### MATERIAL PROVIDED

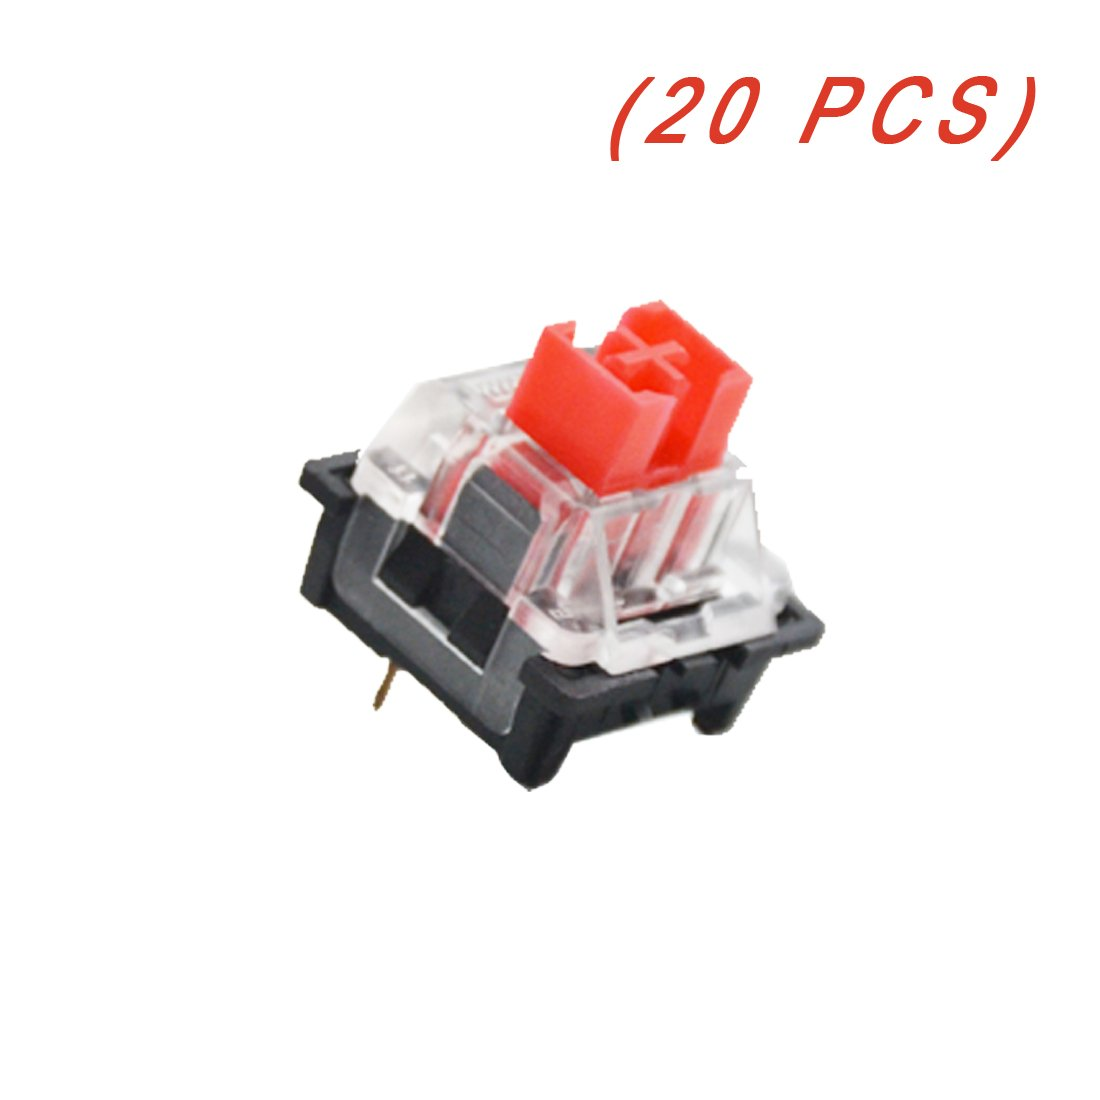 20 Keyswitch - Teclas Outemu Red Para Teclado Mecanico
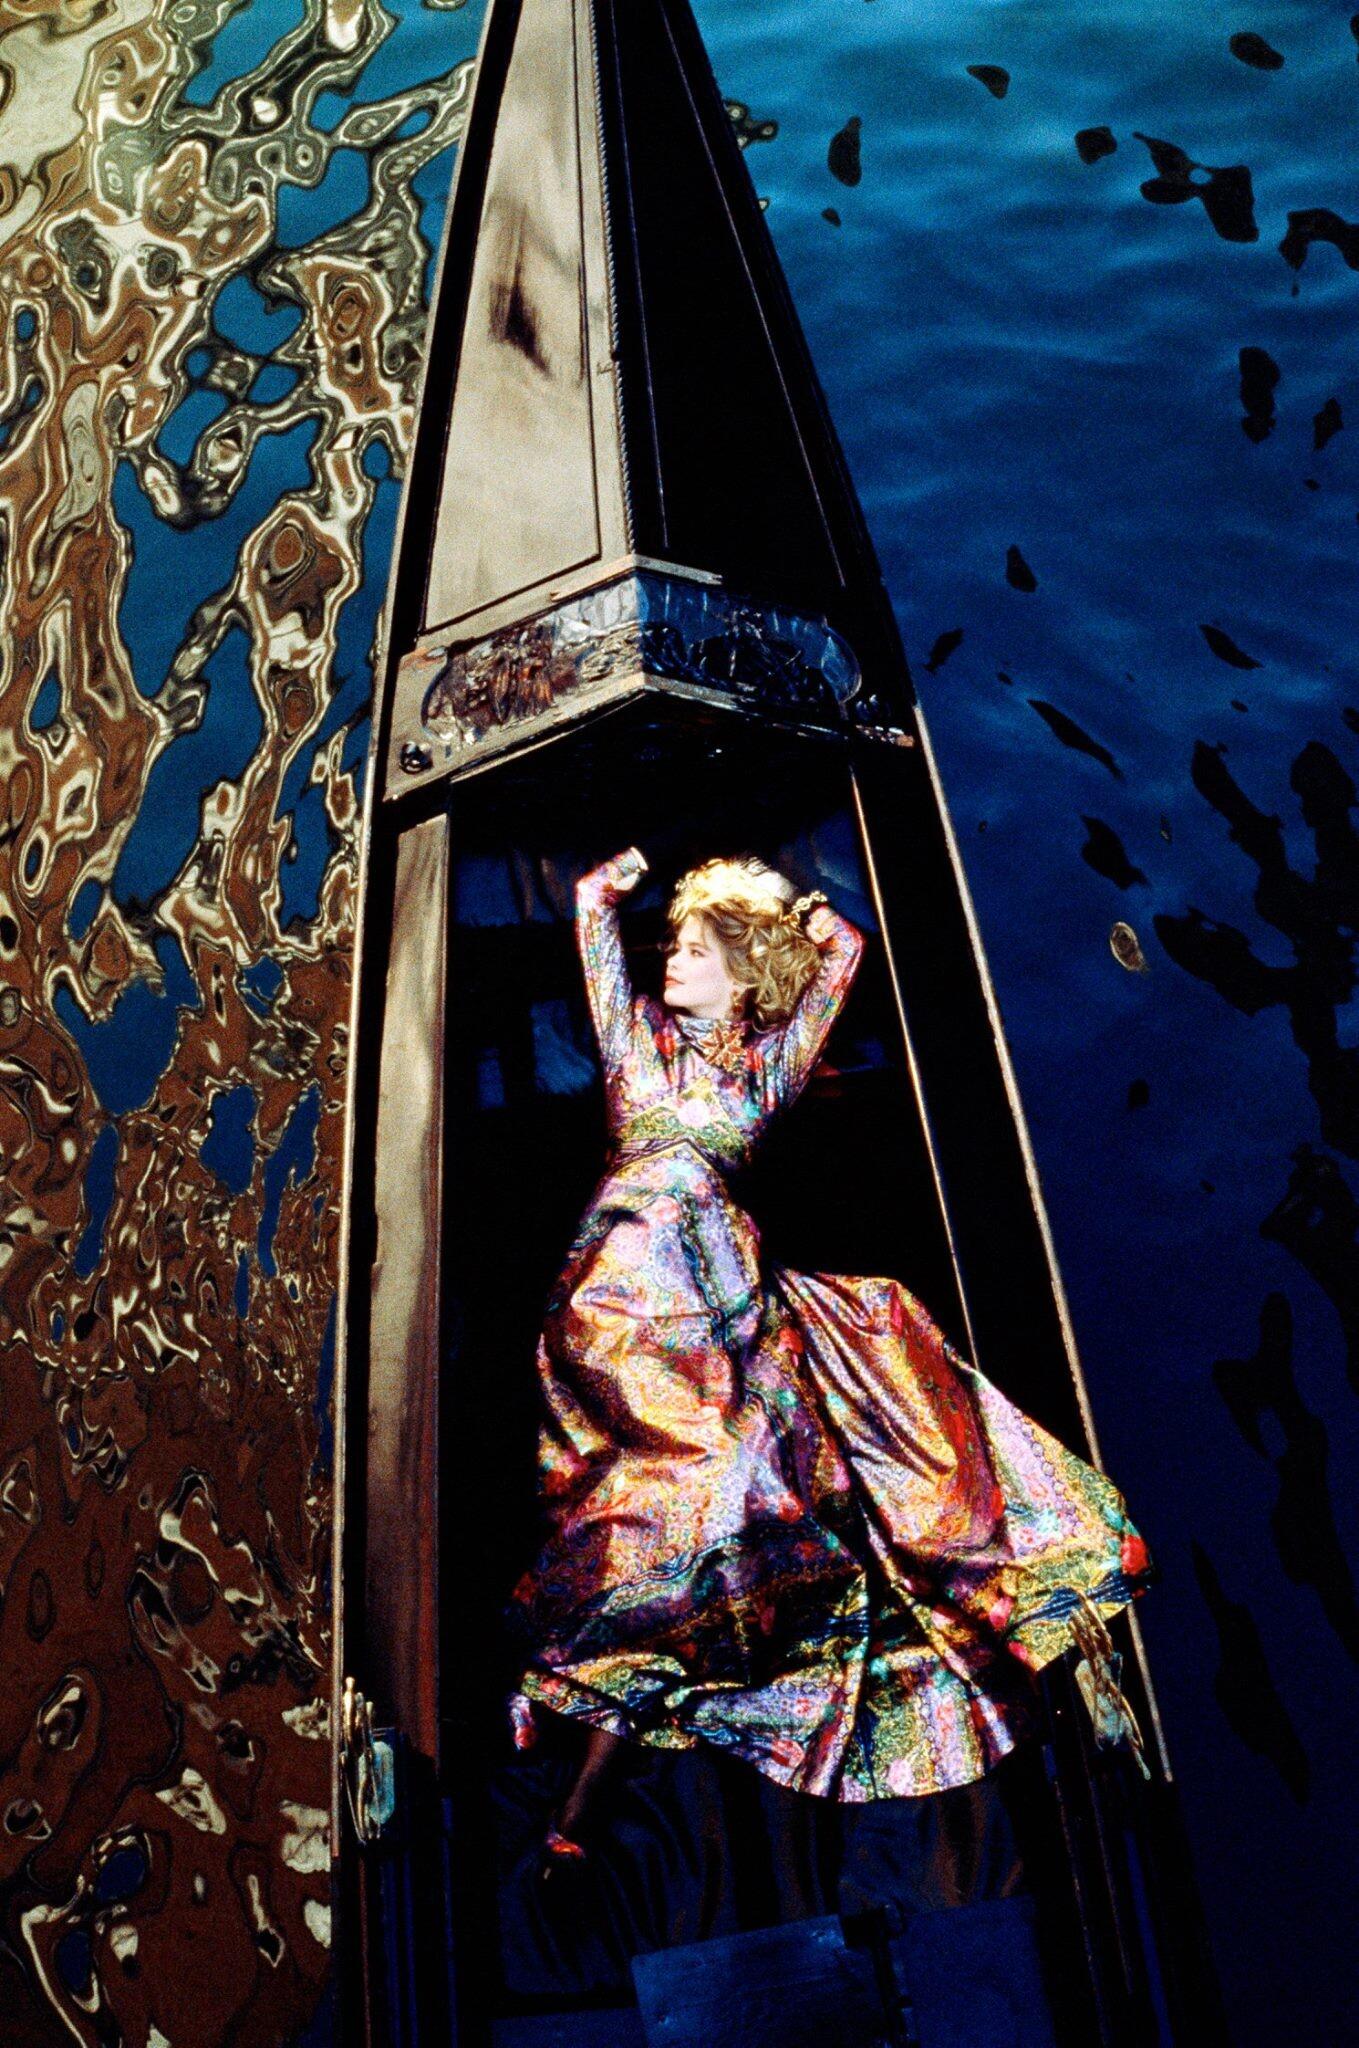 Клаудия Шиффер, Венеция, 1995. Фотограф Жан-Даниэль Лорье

######
### MATERIAL PROVIDED

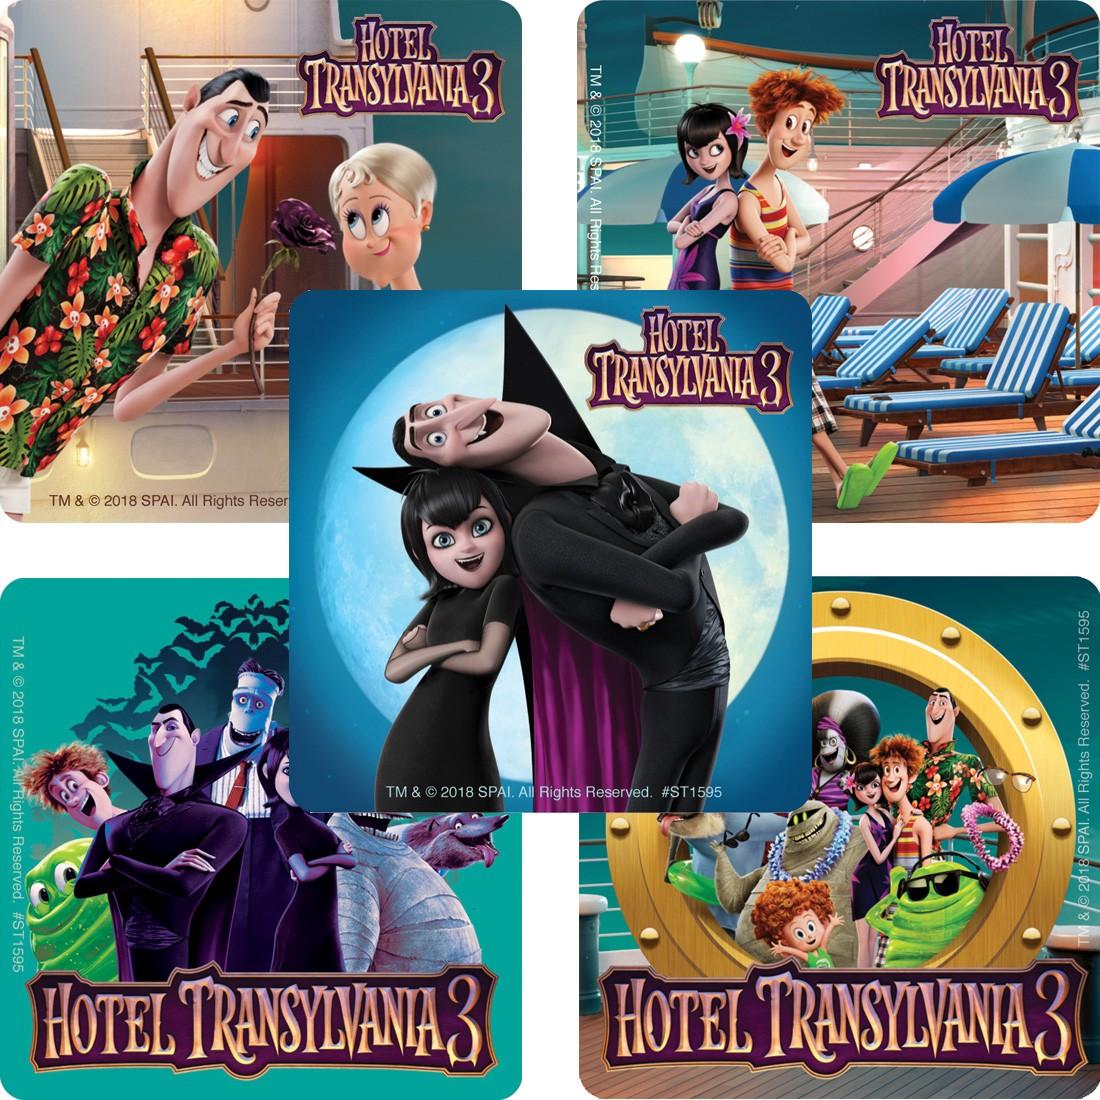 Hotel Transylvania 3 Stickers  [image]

######
### MATERIAL PROVIDED

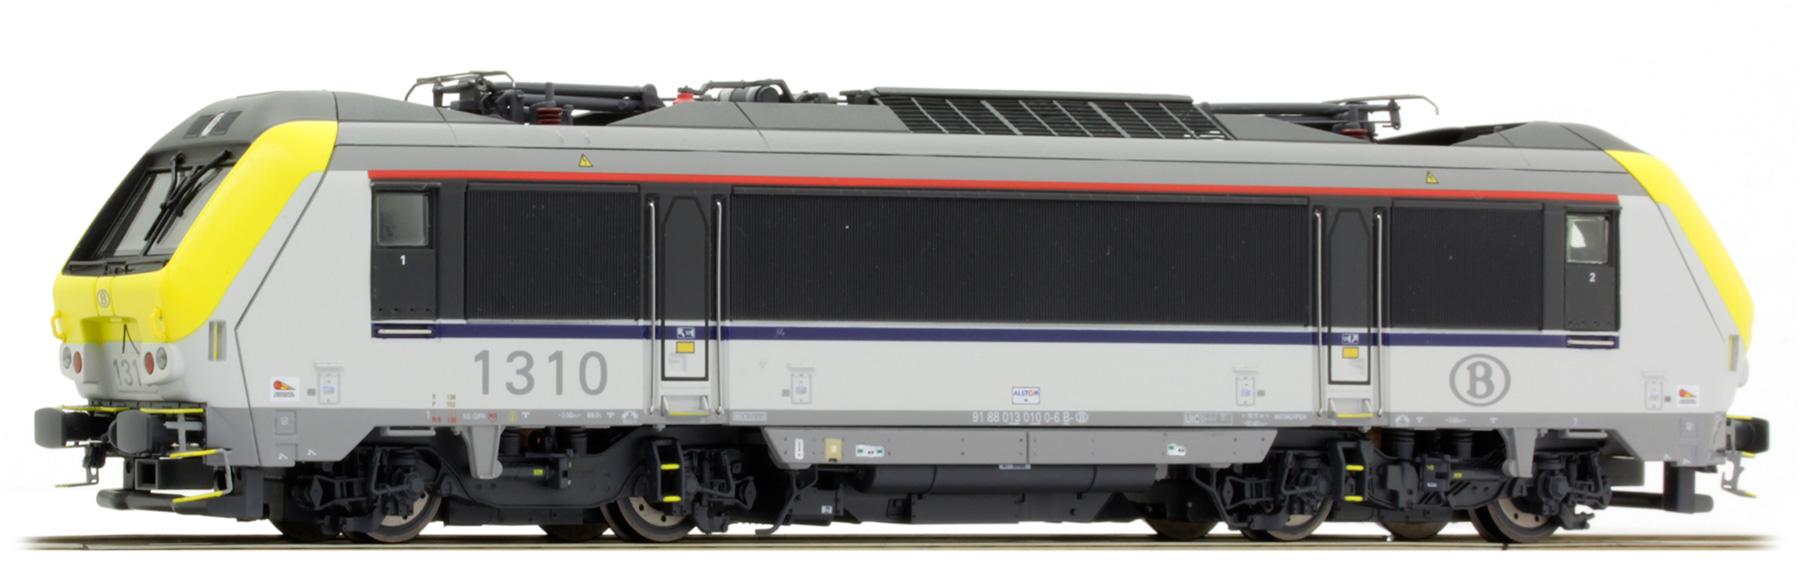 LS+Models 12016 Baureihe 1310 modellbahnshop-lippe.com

######

**EXERCISE DESCRIPTION:**
Please repeat, exactly as written, the lines in the records above, starting with the one that has "20 Keyswitch - Teclas" and going on through the one that has "Клаудия Шиффер, Венеция, 1995.". Pictures are to be left out.

**FINISHED EXERCISE:**
 20 Keyswitch - Teclas Outemu Red Para Teclado Mecanico
 Клаудия Шиффер, Венеция, 1995. Фотограф Жан-Даниэль Лорье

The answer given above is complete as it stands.